Eastwood was raised as a movie brat on the set of many of her father’s productions, making an impressive acting debut in the 1984 Eastwood film Tightrope when she was 12. Following the dictum of her father, she ‘surrounded herself with good people’ while making Rails and Ties — members of Clint’s crew including DOP Tom Stern and editor Gary D. Roach, her brother Kyle and actors Bacon and Harden.
Both Bacon and Harden were impressed by Eastwood’s direction, which allowed them to deliver natural, honest performances. ‘She’s inherited stuff from her pop,’ observed Harden.
Taking another cue from her father, Eastwood set out to create, ‘a great feeling and tone for the cast and crew… Not to be too cosmic about it, but the camera picks up… on how the [environment is on the] set.’
Rails and Ties is a drama in which Bacon plays a train conductor who accidentally causes the death of a teenaged boy’s mother. Playing the lad is neophyte actor Heizer, who won Eastwood over when he told her confidently that ‘he would do his best’ in every scene of the movie. Bacon enjoyed the script by Micky Levy, which allowed ‘two dysfunctional families’ to help each other.

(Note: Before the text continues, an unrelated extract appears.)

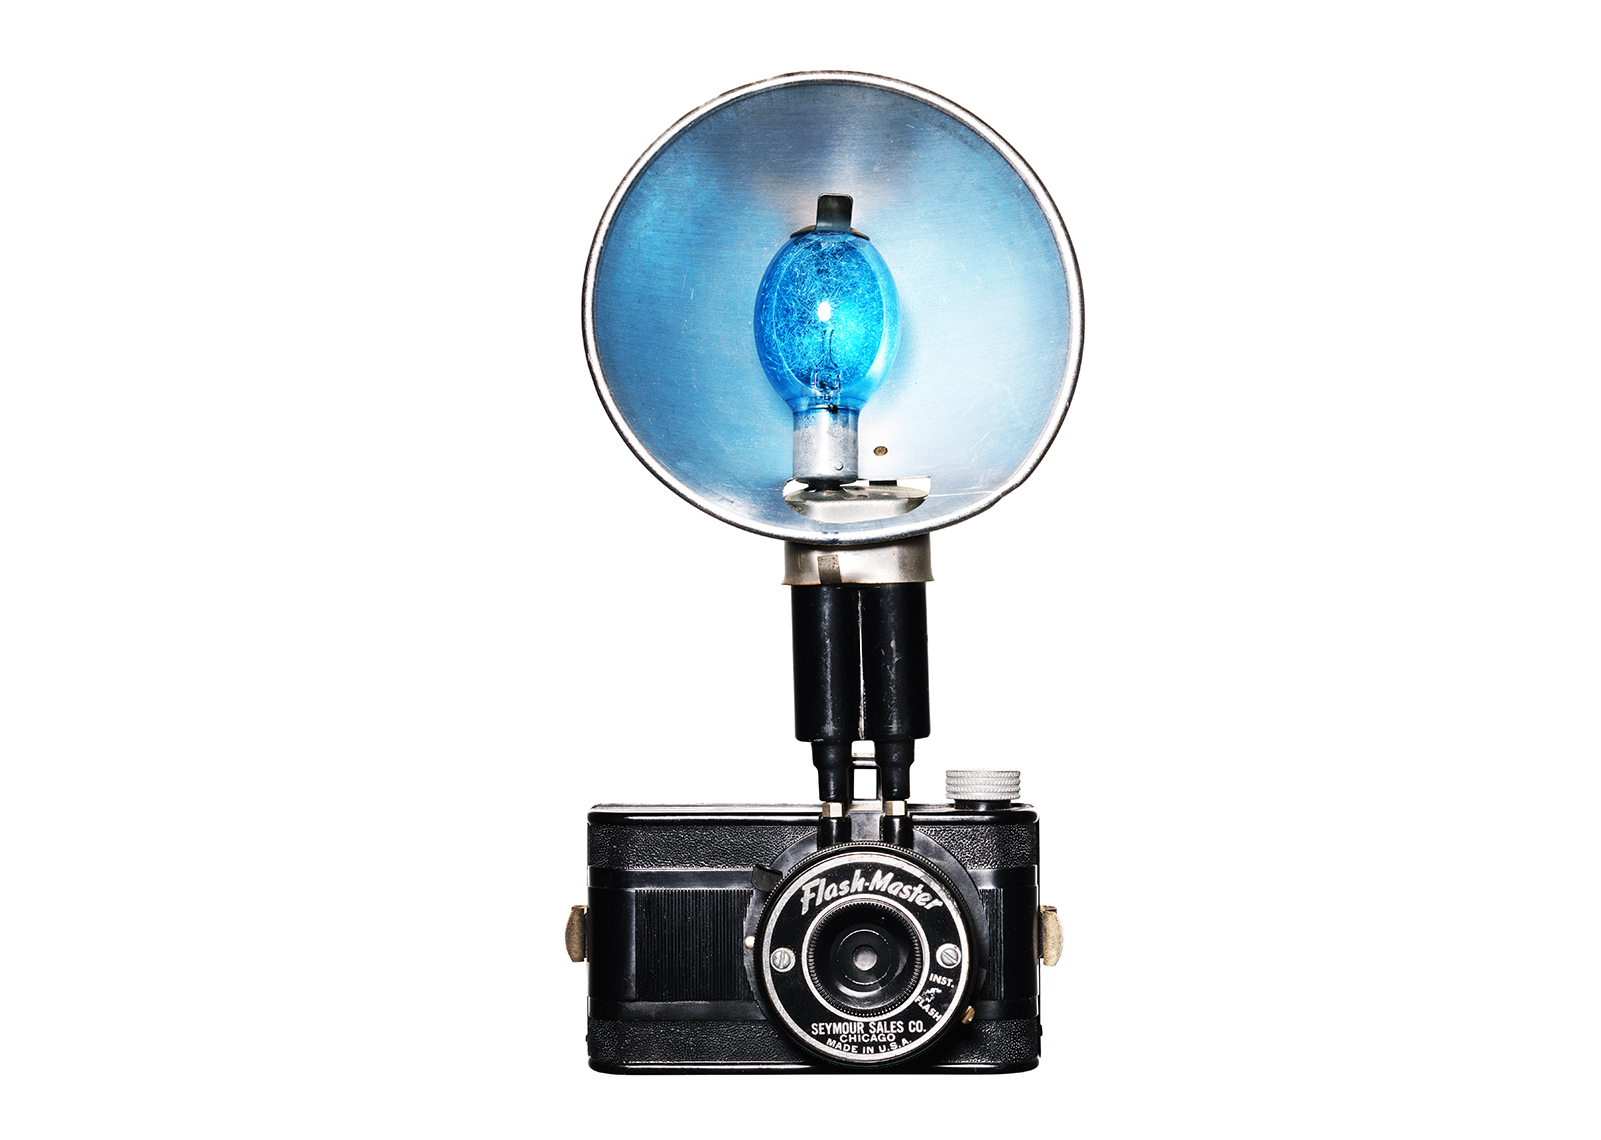 Flash Master Camera — Boston Still Life and Product Photography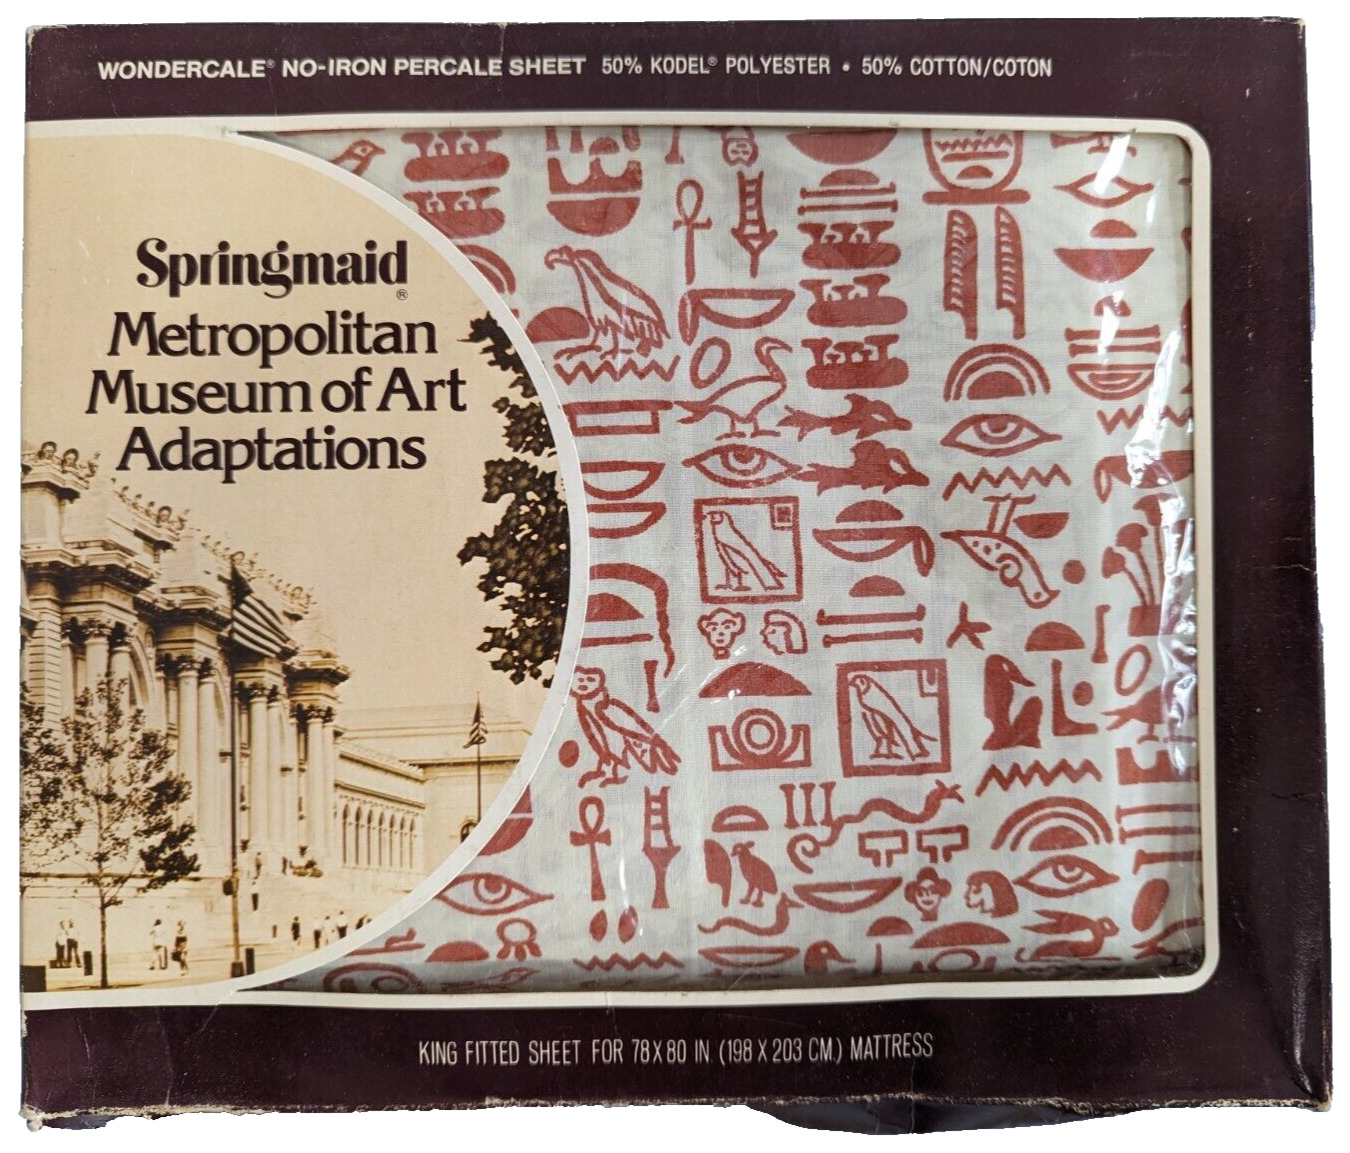 Vintage 1970s Springmaid Met Museum Art Egyptian Design King Fitted Sheet NIB

Eastwood and her leads may differ on their enjoyment of watching the completed Rails and Ties. ‘I don’t go back and watch films,’ claims Harden, despite her many acting triumphs. Neither does Bacon, who compared looking at his old movies to hearing ‘fingernails on a blackboard.’ He likes to watch his completed films once by himself and once with an audience. ‘Then I kiss it goodbye.’
For Eastwood, the response to the film is more important. Speaking again of her father, she said, ‘I want to make him proud.’